Retype word for word the stretch of entries below from the line that has "Decorative paper wrapping" through the line that has "Pistole Gürtelschnalle Voll", and omit the pictures.

- [Data]:
========================================================================

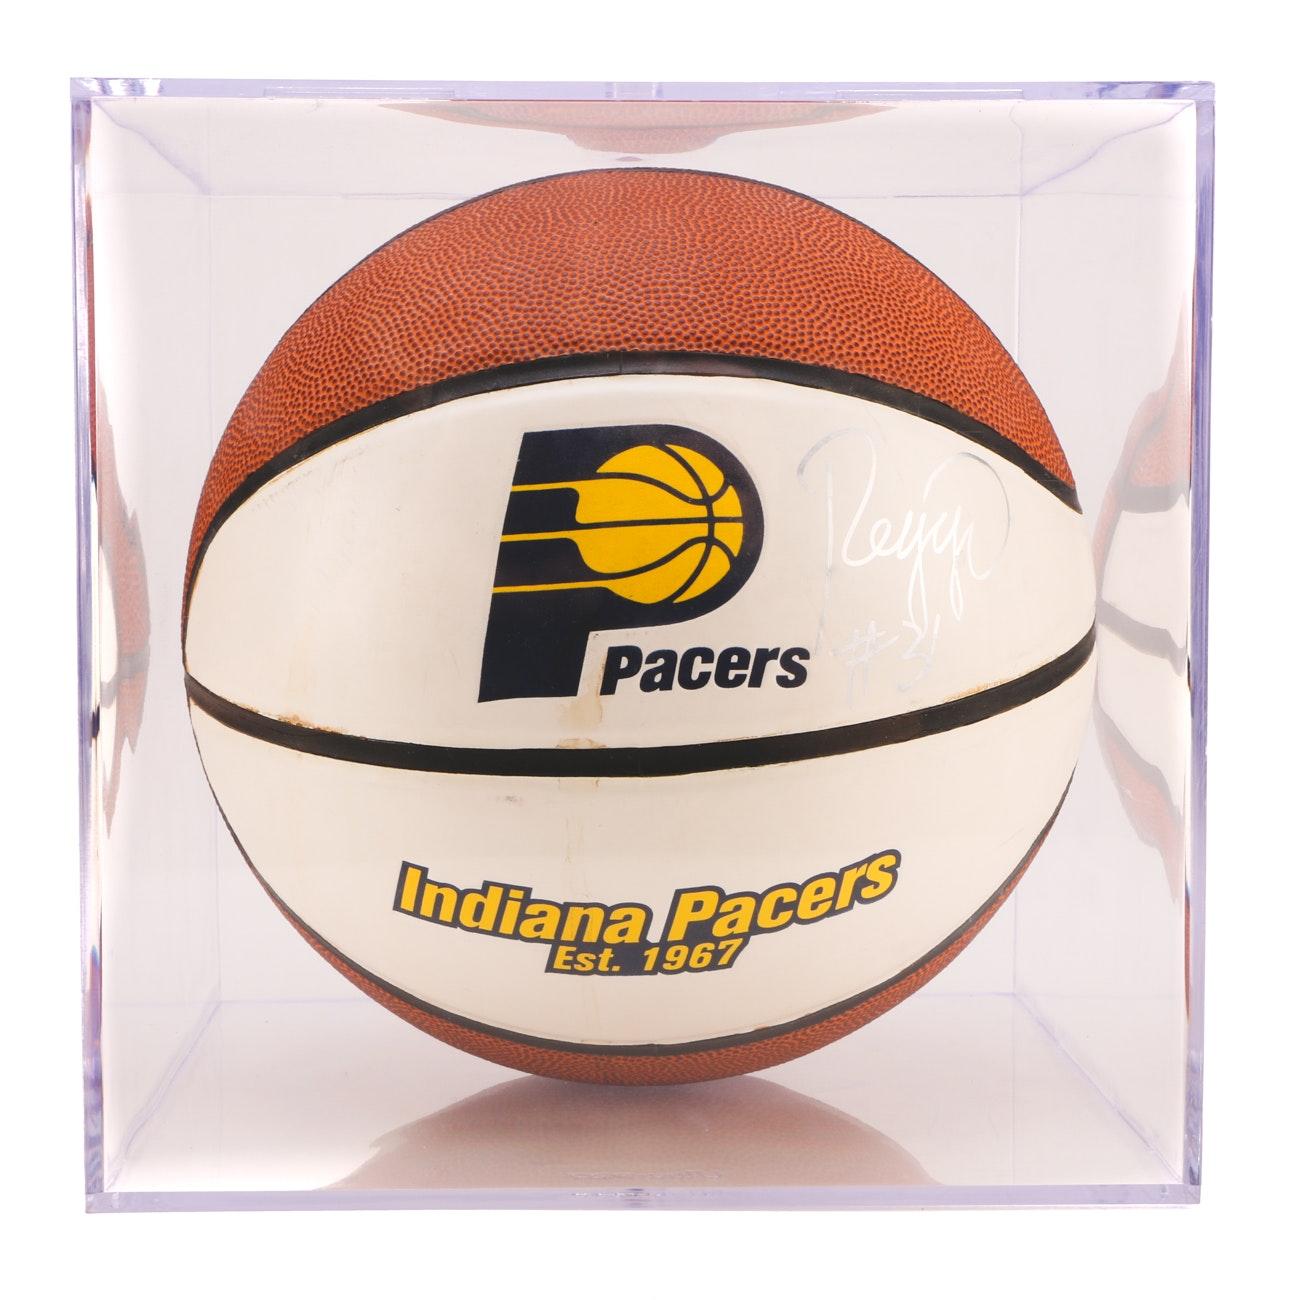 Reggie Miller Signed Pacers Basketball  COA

========================================================================

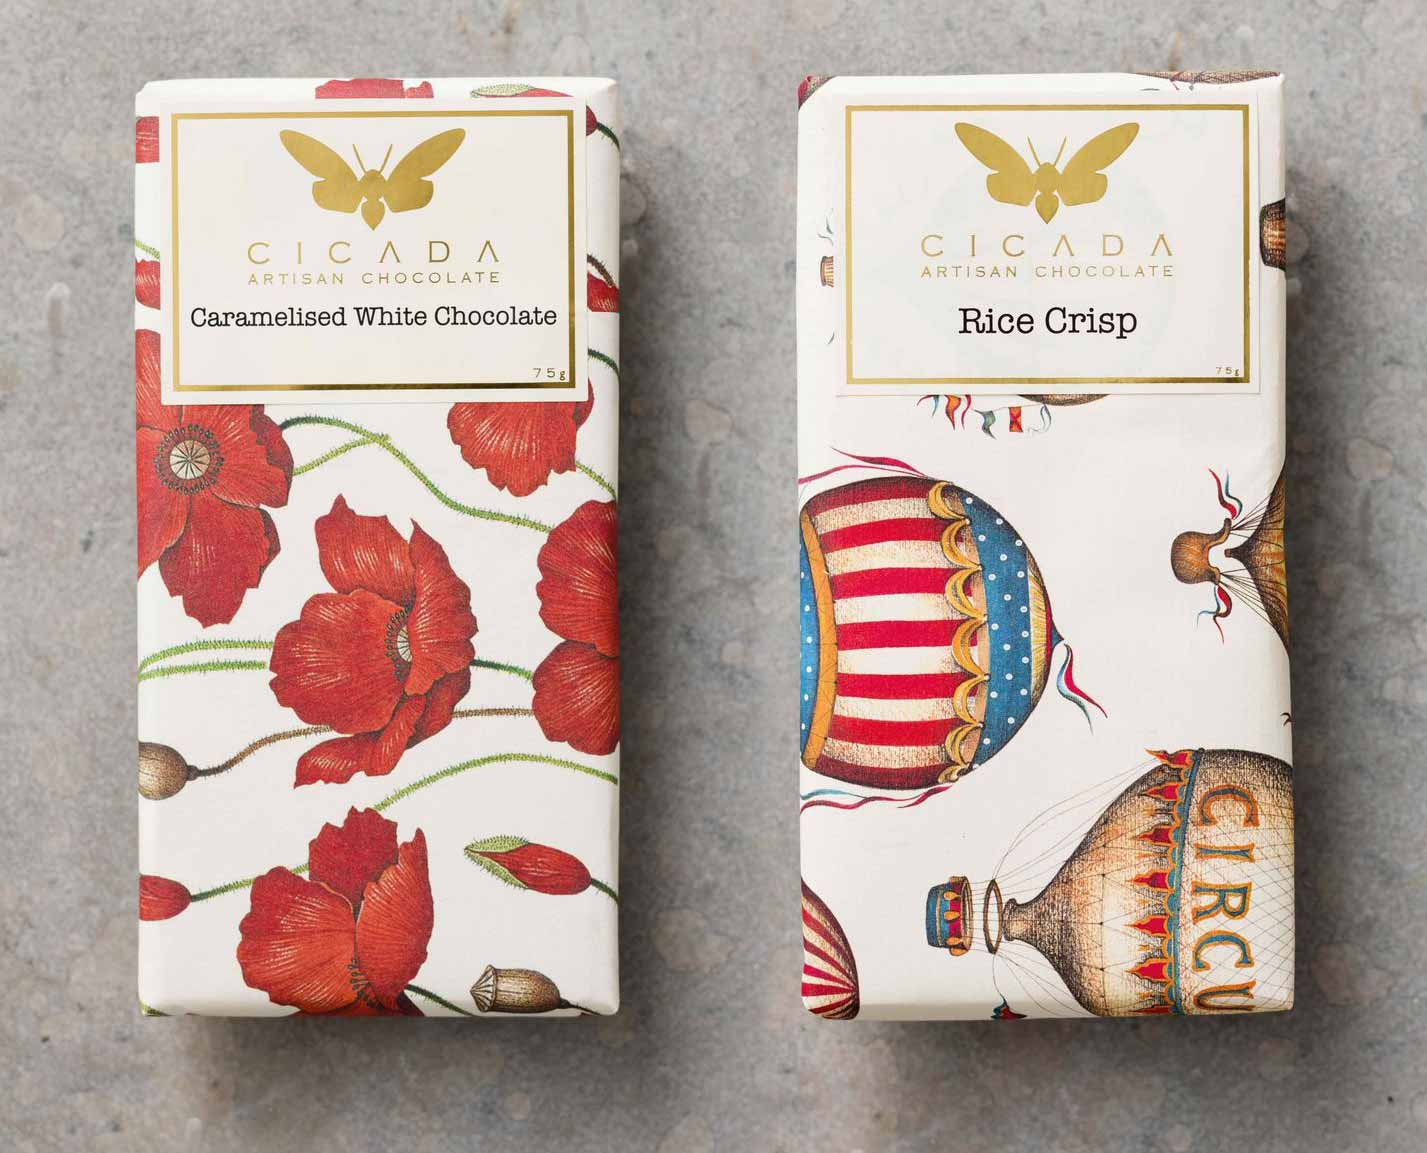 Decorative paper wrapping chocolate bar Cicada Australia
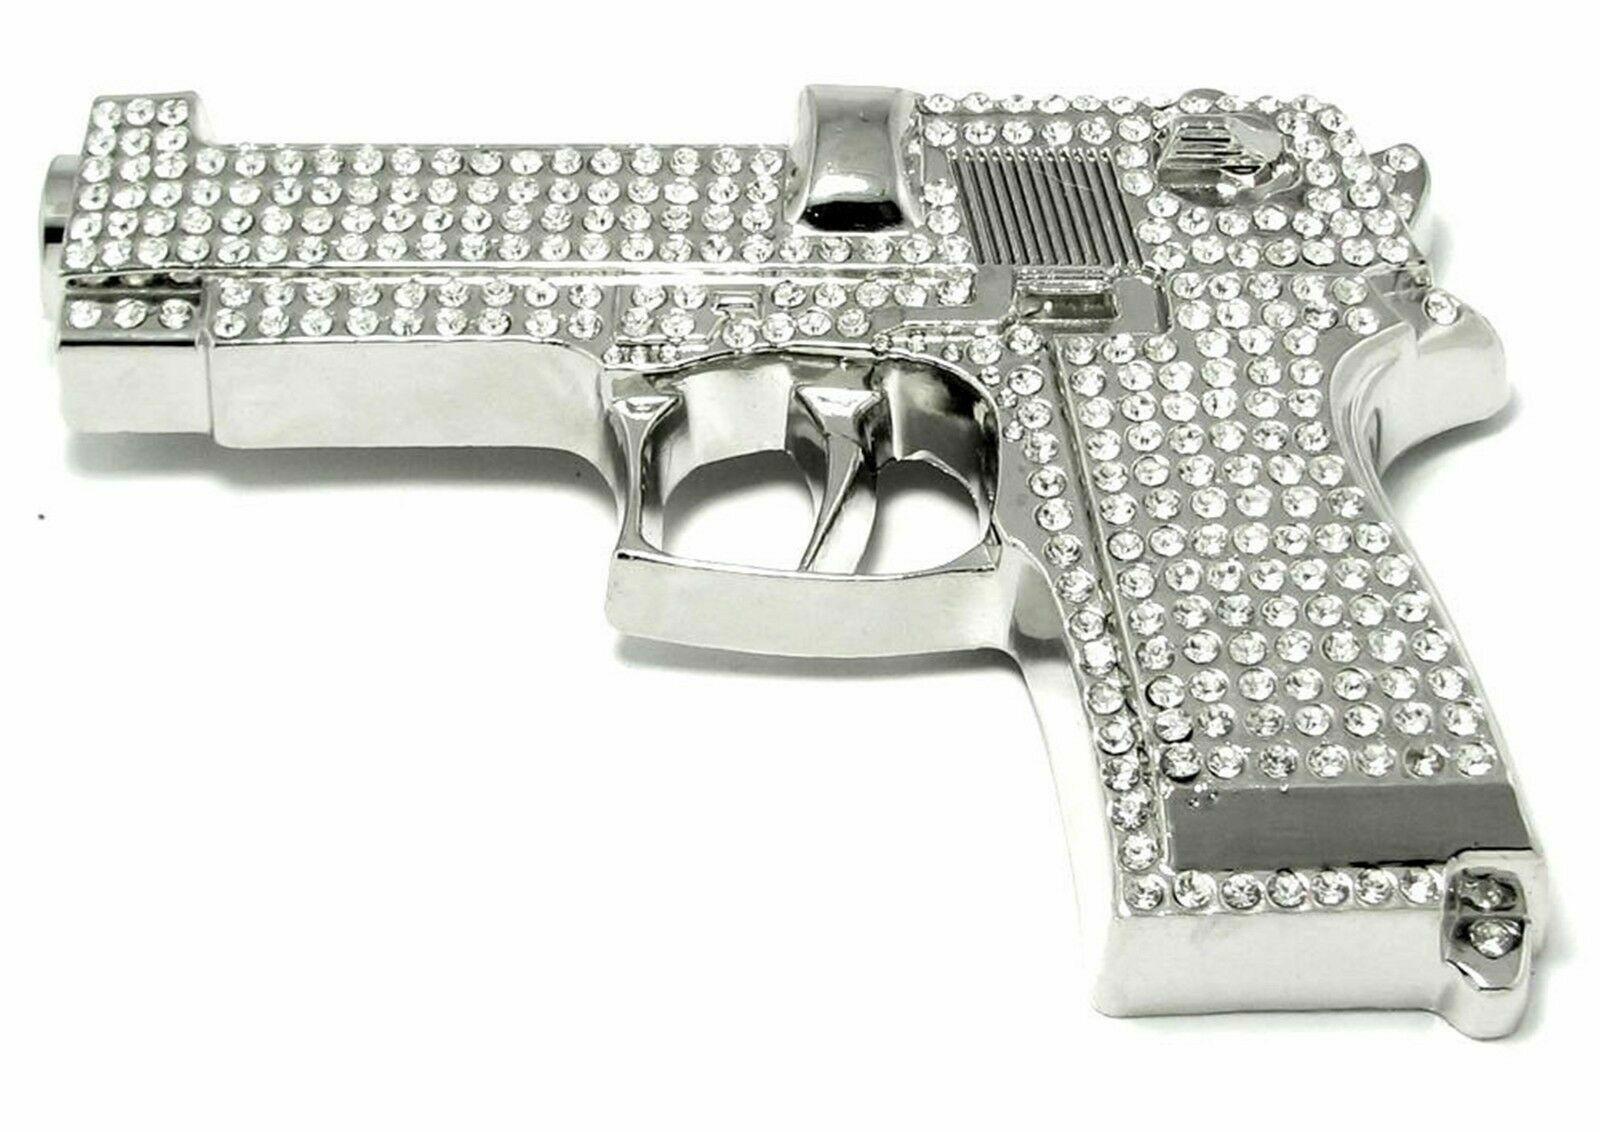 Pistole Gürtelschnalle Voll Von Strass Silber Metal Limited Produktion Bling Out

========================================================================

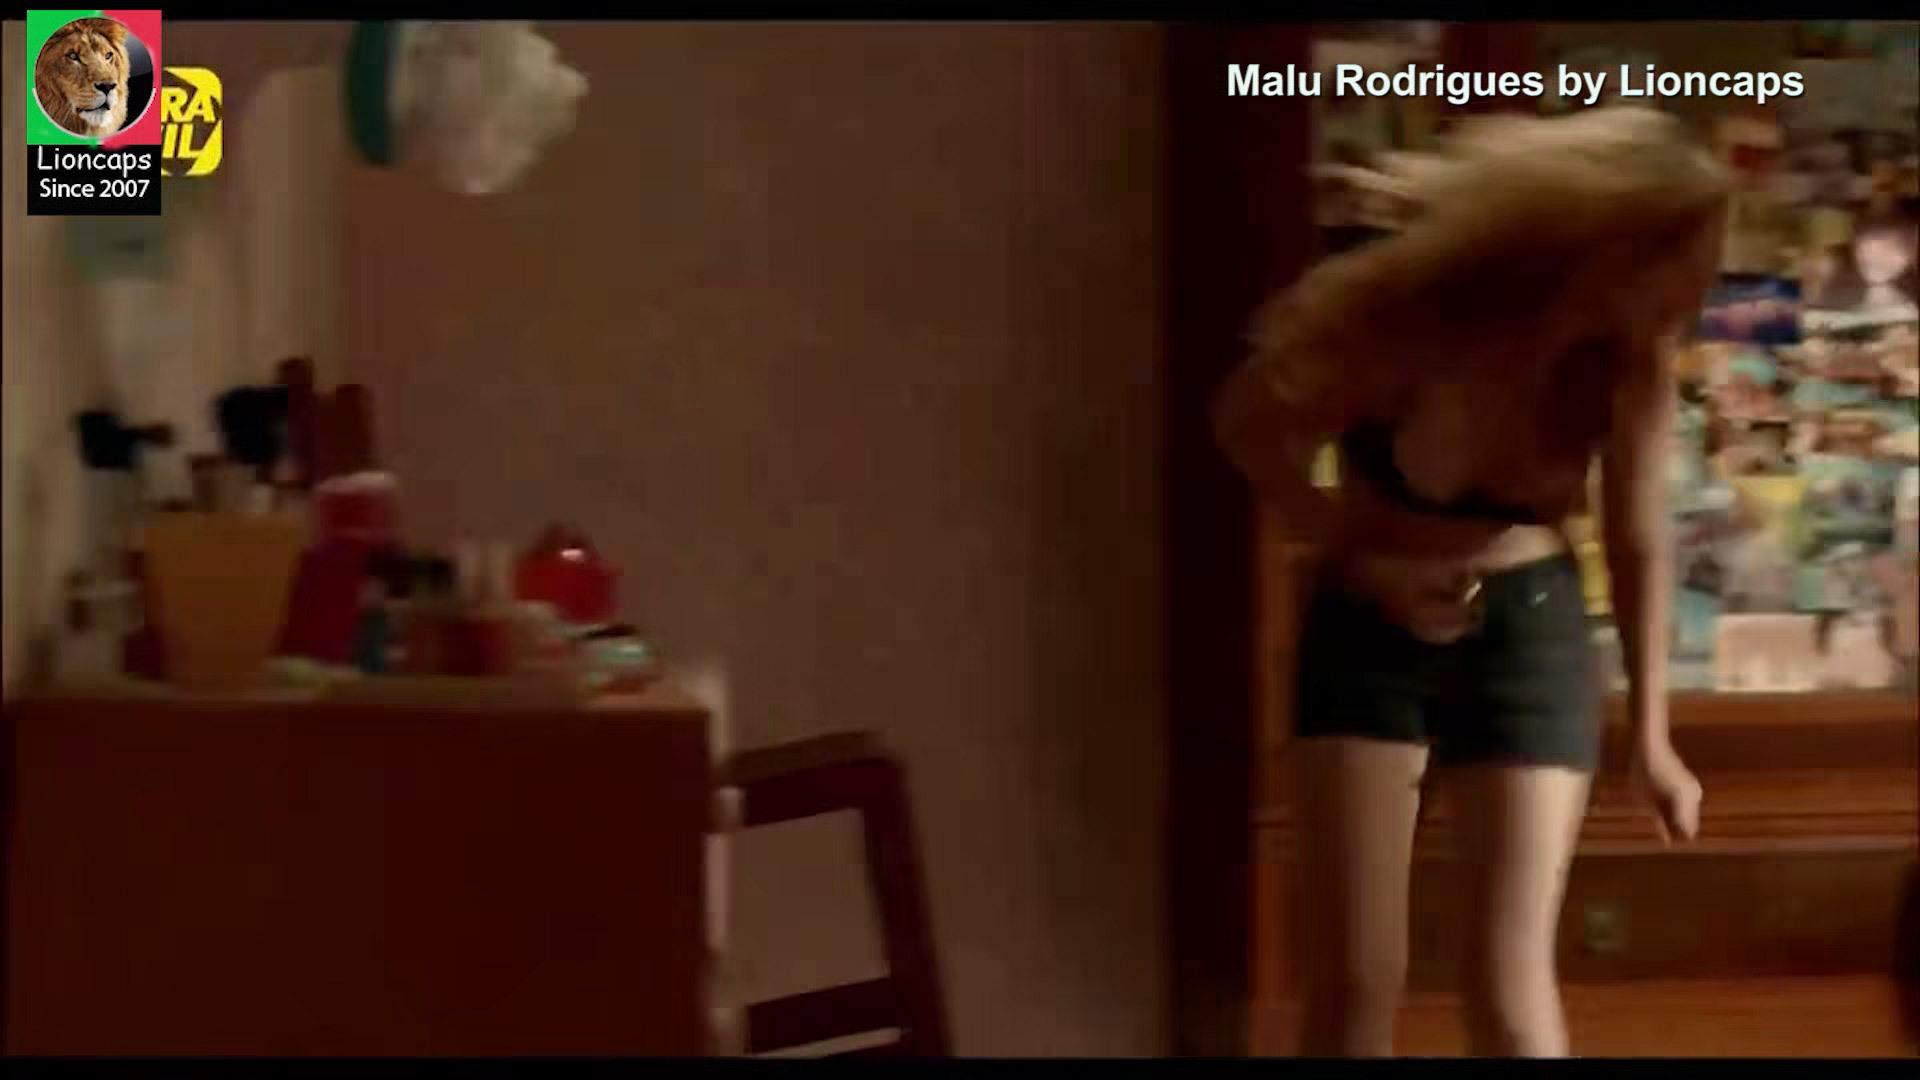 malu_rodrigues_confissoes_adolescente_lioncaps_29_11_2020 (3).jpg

========================================================================

- [Reply to the exercise]:
 Decorative paper wrapping chocolate bar Cicada Australia
 Pistole Gürtelschnalle Voll Von Strass Silber Metal Limited Produktion Bling Out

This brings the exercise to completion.